Every decision made in that gap is a decision made without the full picture. The fraud analyst sees the current transaction but not the complete behavioural history. The network engineer sees the live telemetry but not the baseline that would confirm whether it is anomalous. The pricing model sees the live demand signal but not the years of seasonal context that would make it meaningful. No amount of pipeline investment changes that, because the gap is structural, not operational.
The reconciliation trap
Organisations that recognise this issue often build reconciliation processes to bring operational and analytical data back into alignment. It’s a logical response, but it also creates a permanent overhead that treats the symptom rather than the cause.
Every reconciliation process is an admission that copying data has created two sources of truth rather than one. Every engineering hour spent reconciling is an hour spent managing the consequences of a boundary that should not exist. And every decision made while reconciliation is still running is a decision made on data that has not yet been verified.
Most organisations have come to accept this as the cost of doing business with data. But it is only the cost of a specific architectural choice – the decision to copy data from where it is created into a separate system for analysis. That choice made sense when there was no ETL alternative. There is now.
No more need to move data
ETL moved data, but Streambased removes that need by treating Kafka and Iceberg not as two systems to be connected but as two time horizons of the same dataset. Rather than copying data from one to the other, it creates a unified logical view at query time, projecting Kafka topics as Iceberg-compatible tables and merging them with historical data already in Iceberg. No pipelines, no duplication, no batch cycle, no drift.
To any standard analytical tool, the result looks like a single, continuously current dataset stretching from the latest event in Kafka back through years of history in Iceberg. The results are transformative.
Let's go back to our original scenarios. The Credit Risk and Fraud teams are now looking at the same system. The live signals are visible alongside the complete account history – months of behavioural data that would previously have aged out of Kafka – in the same query, at the same moment. The disagreement about which system to trust does not happen, because there is only one view. The conversation is now about risk, not about data.

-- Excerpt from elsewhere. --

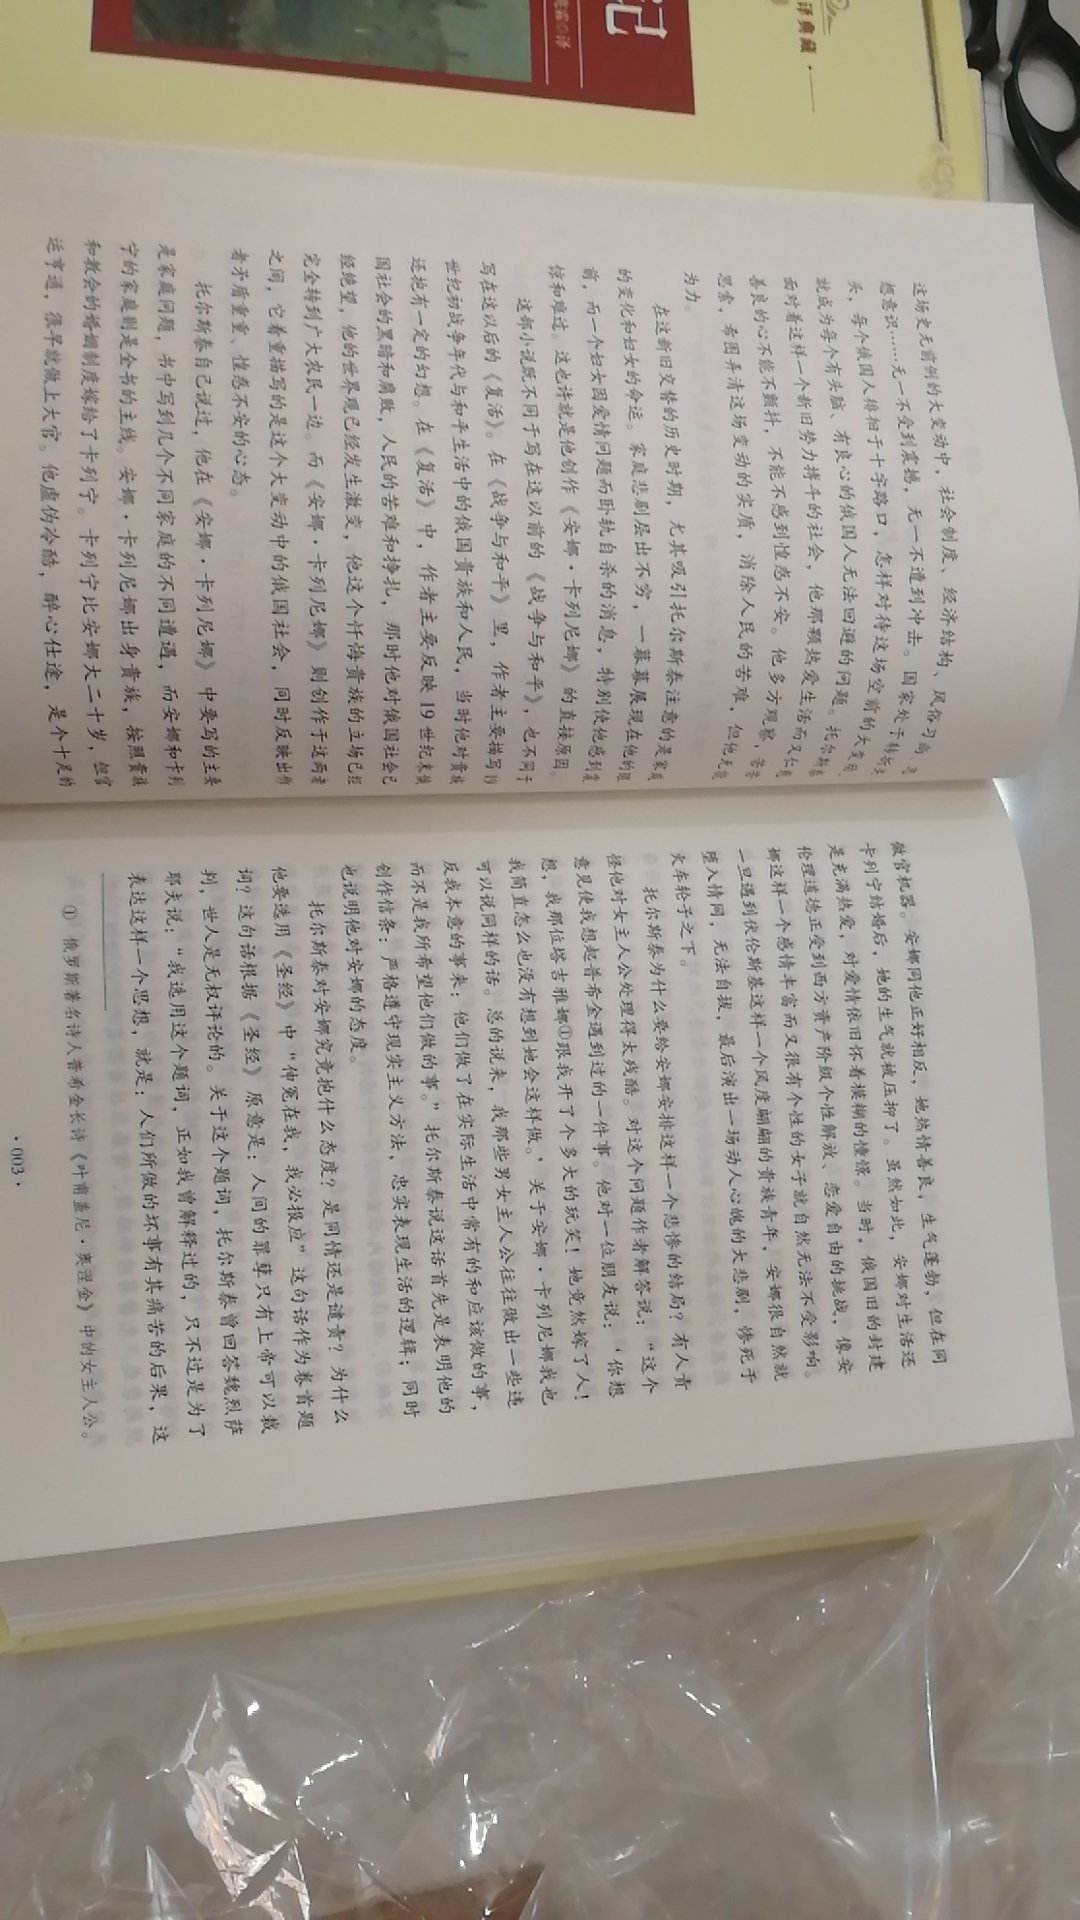 列夫托尔斯泰著作都能有两部入围世界十大名著，可见全球没人给能把《红楼梦》、《论语》等著作翻译好！或者说汉语言的确是太难了，他们翻译不来。把汉文学代表作介绍出去，成了奢望。

The energy supplier's operations and analytics teams stop arguing about why the models missed the signals and start acting on them together, with live telemetry and long-term performance baselines available in the same query. The retailer’s commercial and data science teams stop reconstructing last week’s decisions and start making next week’s, with live demand signals and years of seasonal context visible simultaneously.
When Kafka and Iceberg are unified into a single logical view, the question is no longer: how do we move data quickly enough to be useful? It becomes: what do we want to know, and how do we ask it? The gap between the live signal and its historical context closes to zero – because there is no longer a copy to drift.